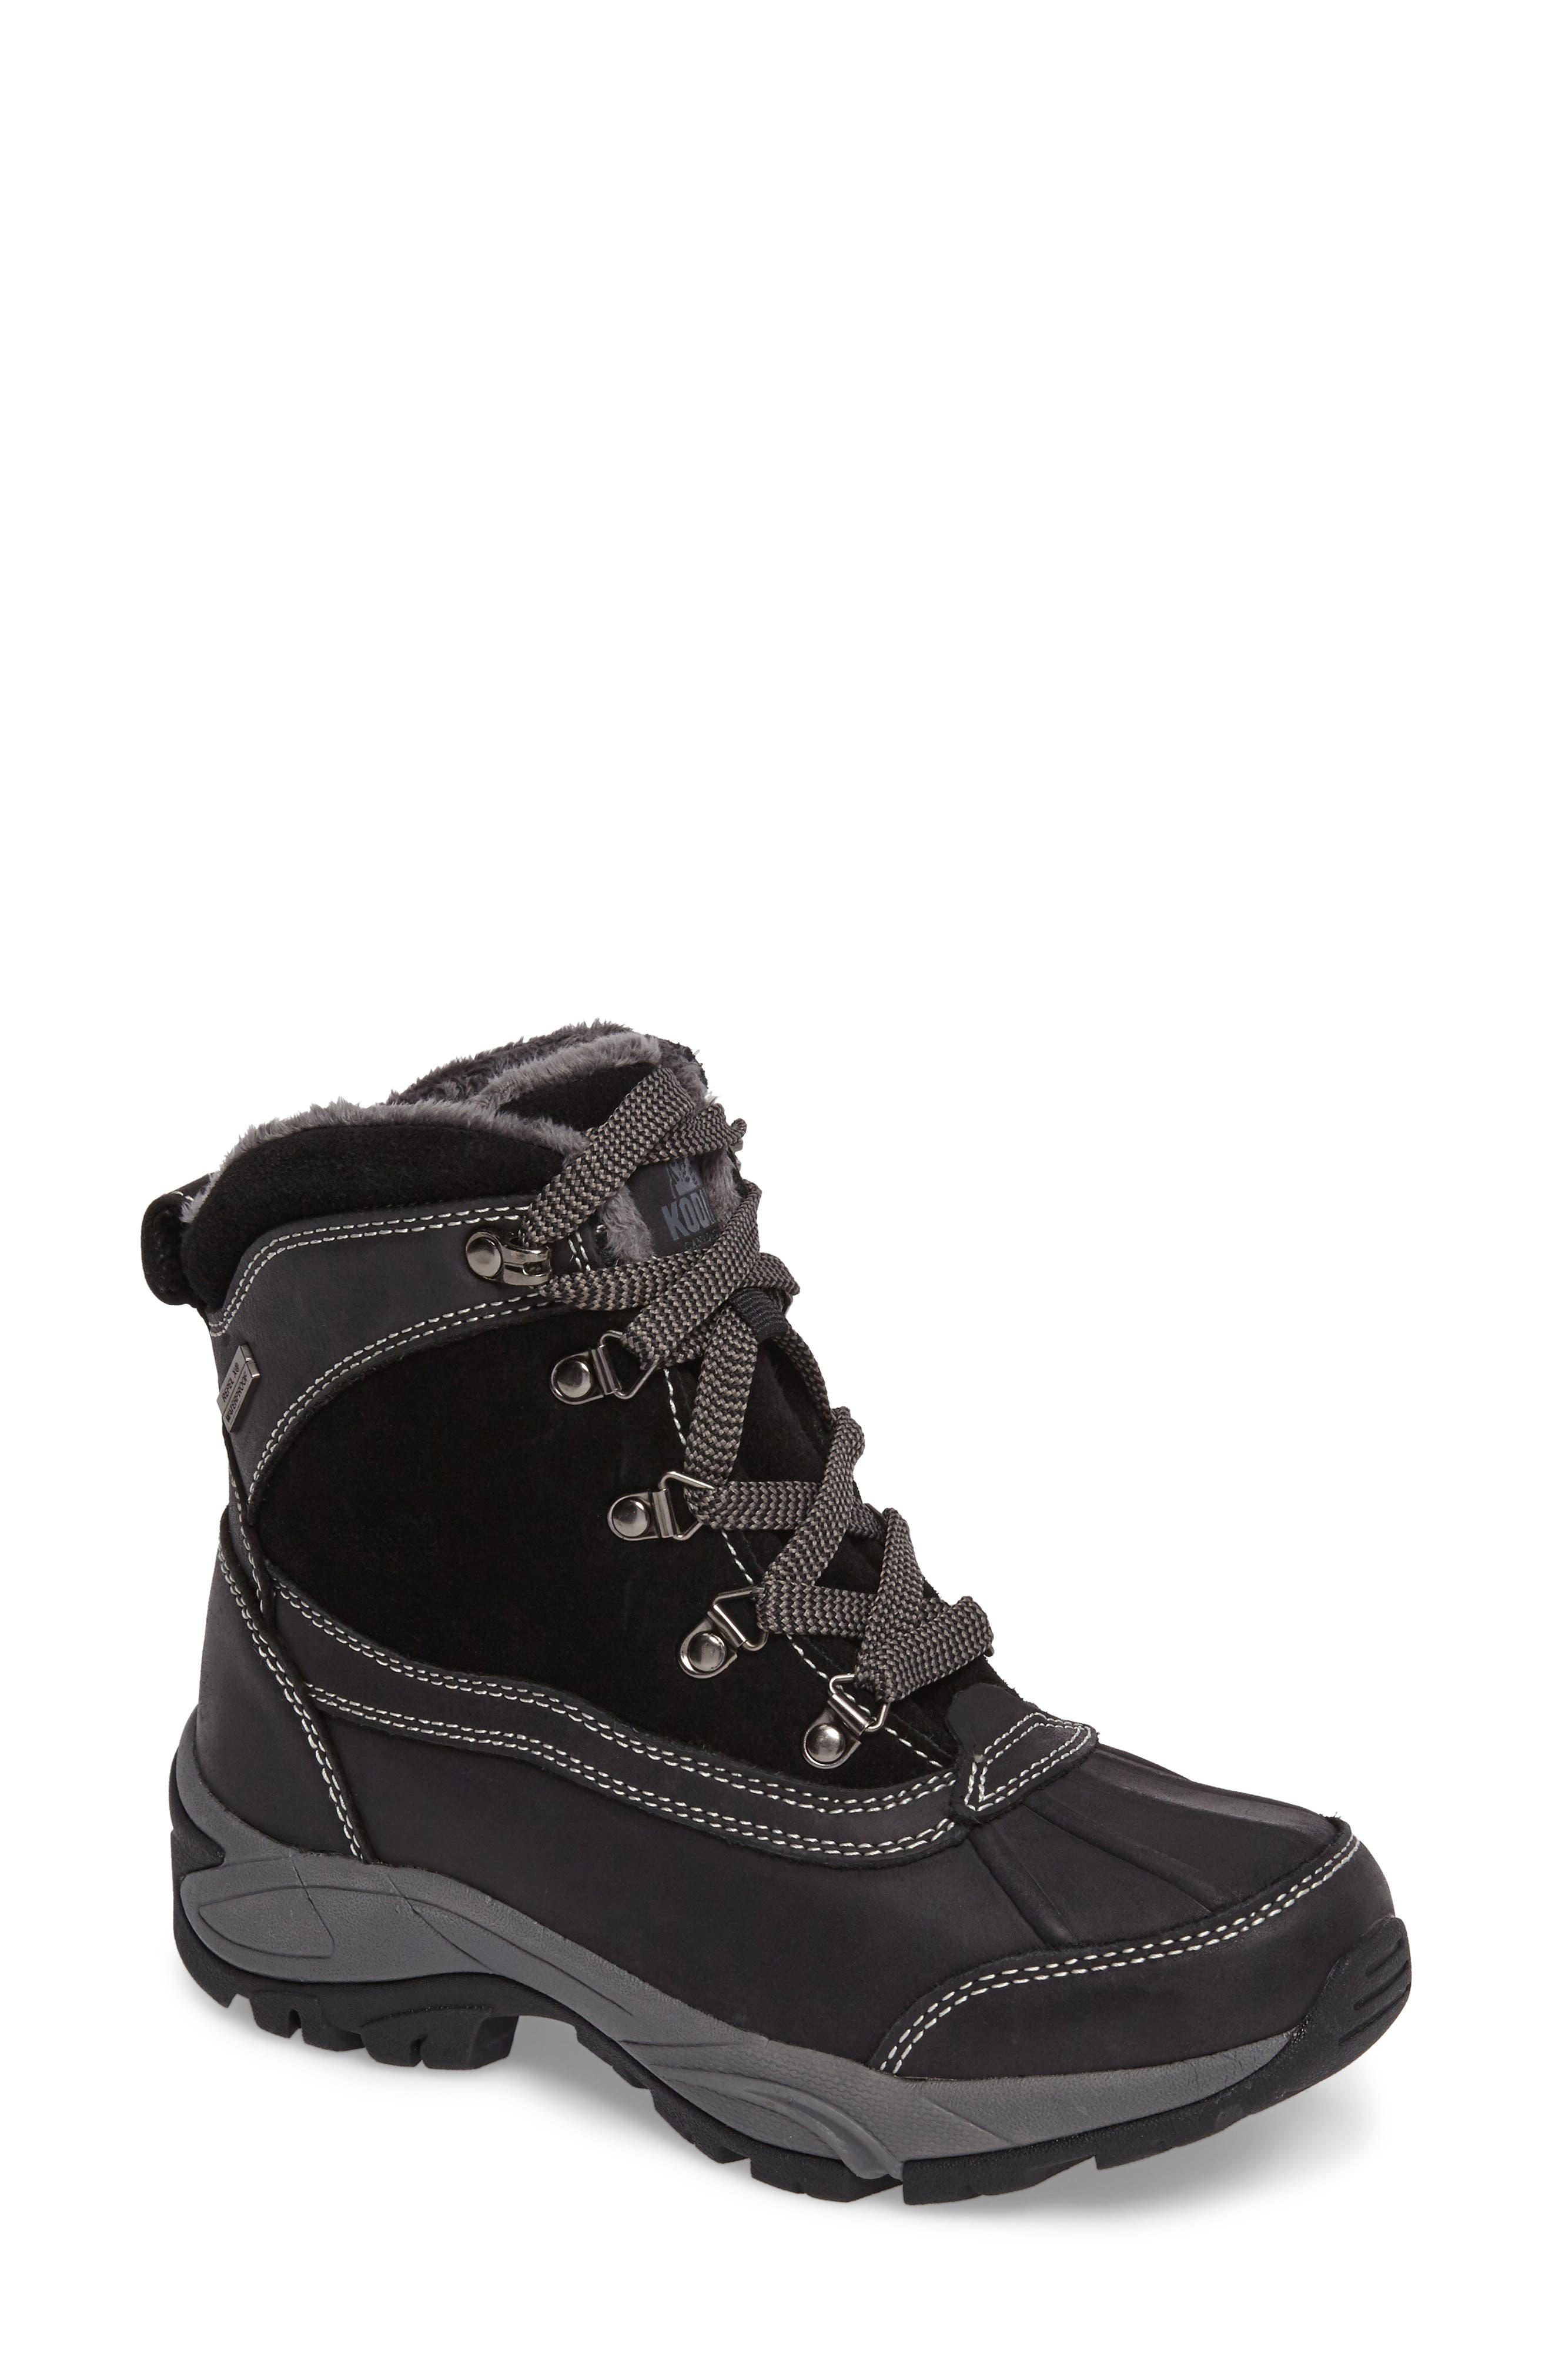 Alternate Image 1 Selected - Kodiak 'Renee' Waterproof Insulated Winter Boot (Women)
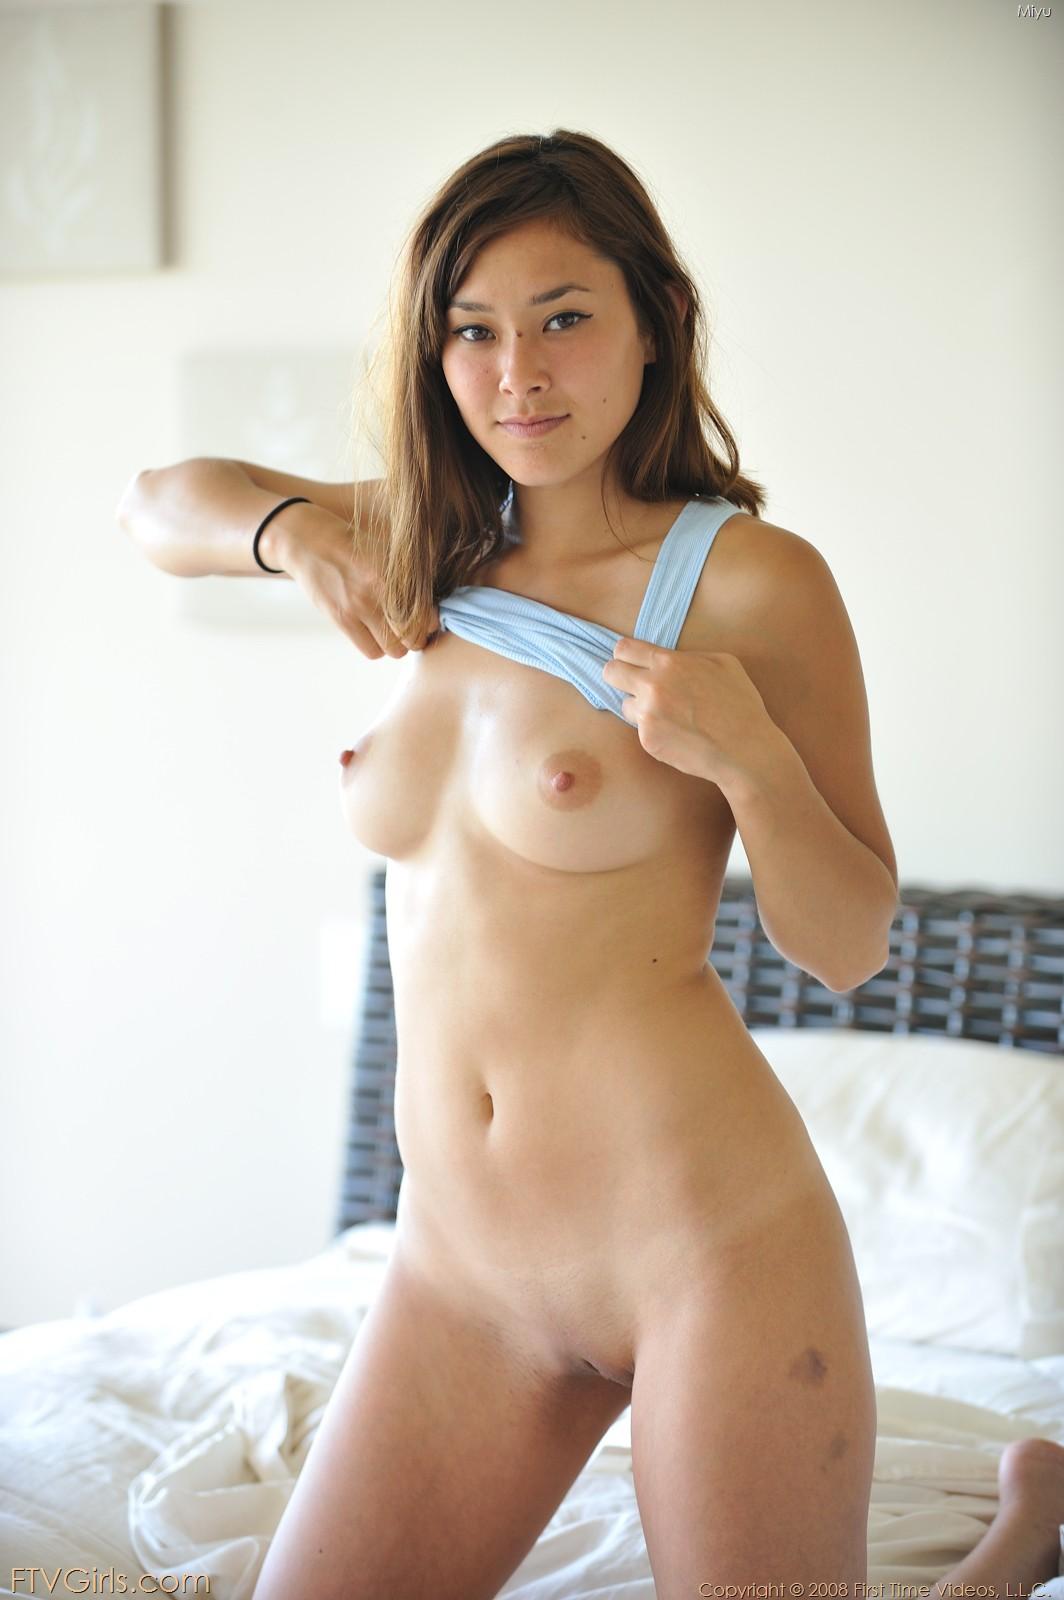 Ashley tisdale nipple slip
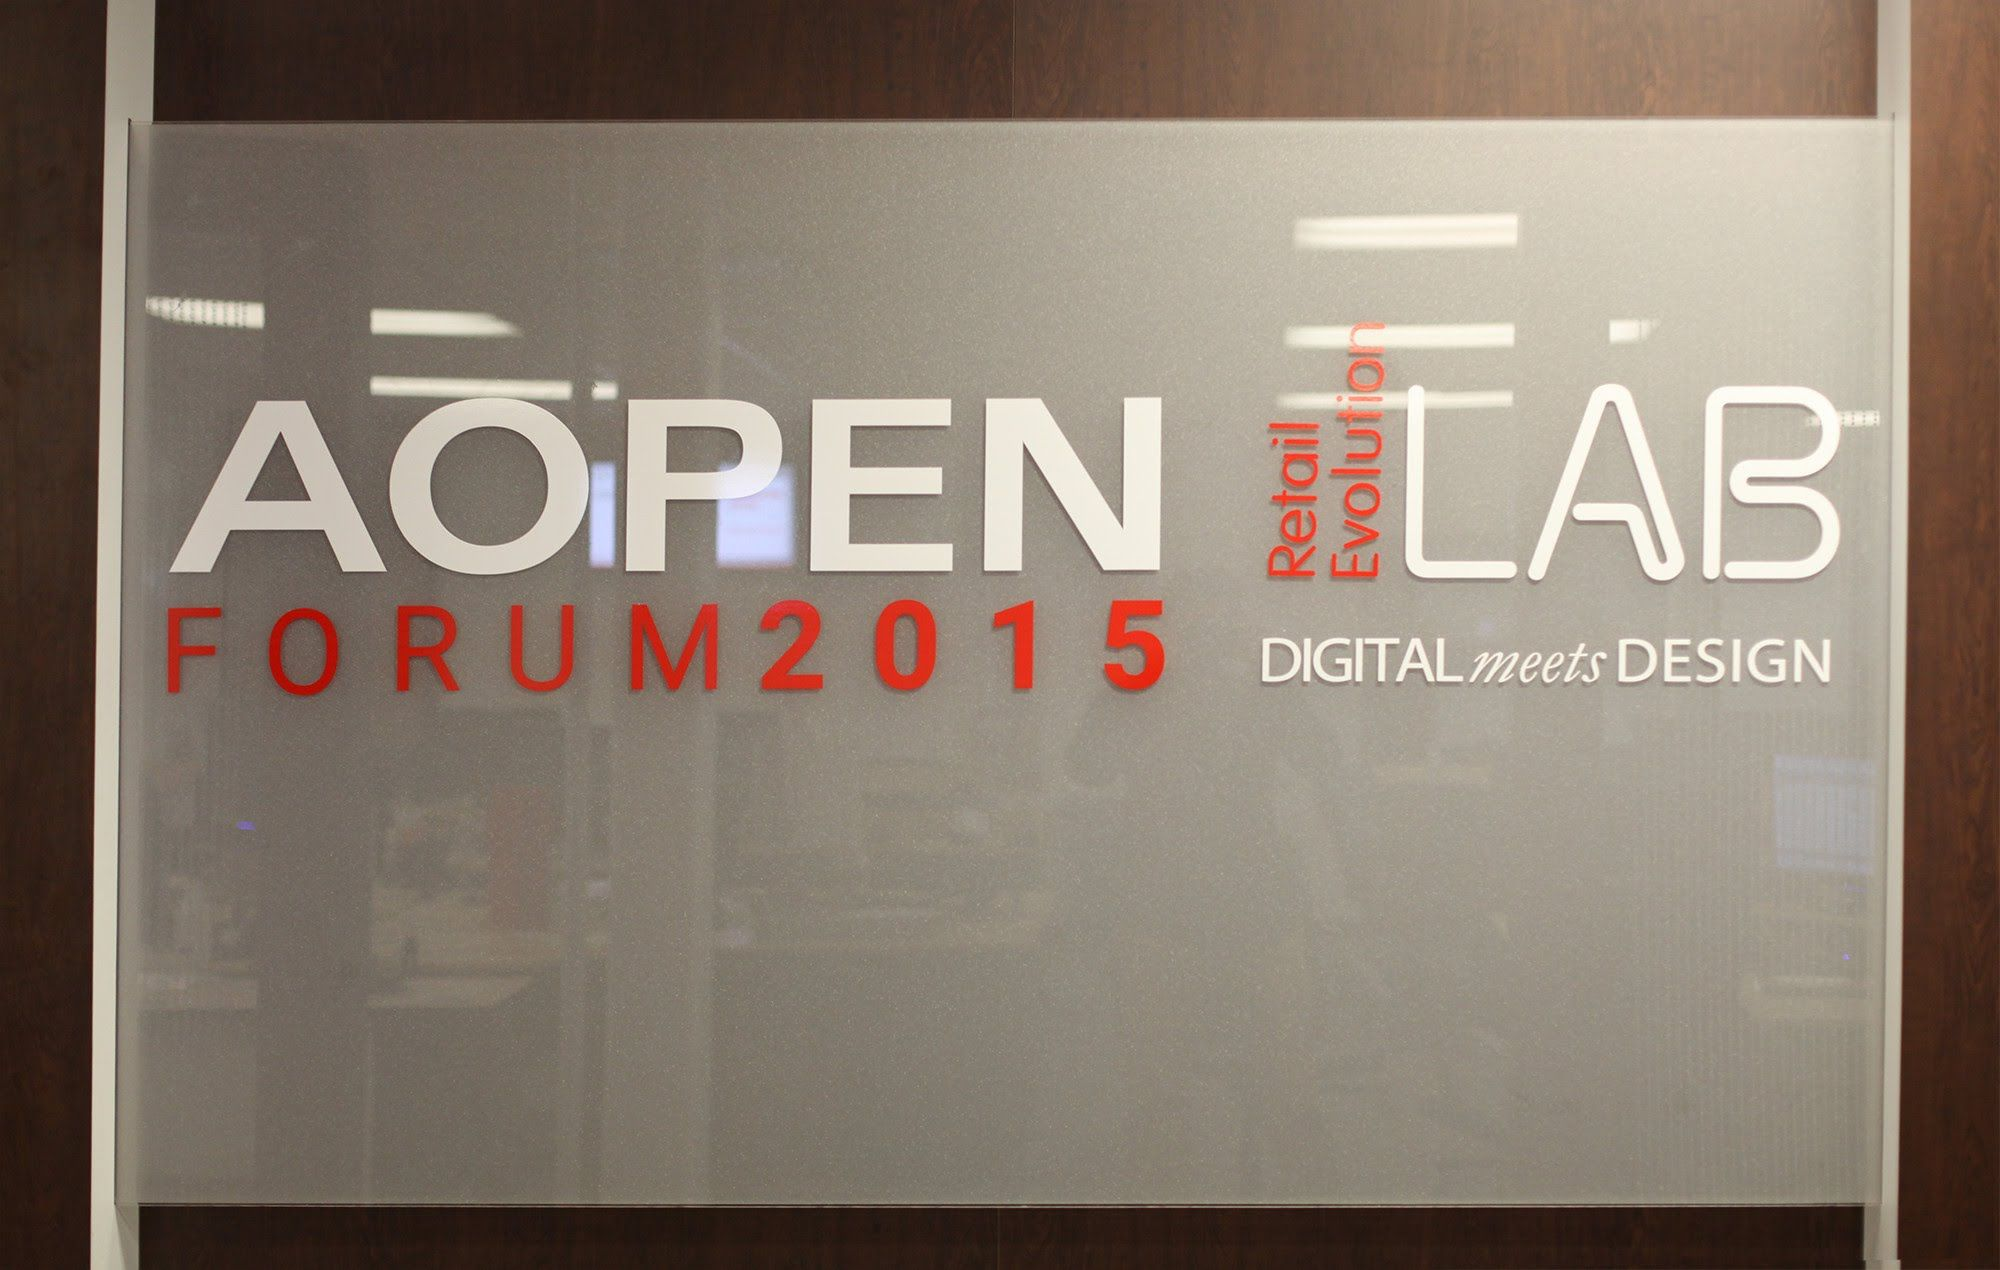 AOPEN Forum 2015 / Retail Evolution Lab Highlights

• YOUR OBJECTIVE: What is needed is every line from the one with "Ashley tisdale nipple slip" to the final line of the listing above, set down exactly and with the pictures left out.

• EXERCISE OUTPUT:
 Ashley tisdale nipple slip
 AOPEN Forum 2015 / Retail Evolution Lab Highlights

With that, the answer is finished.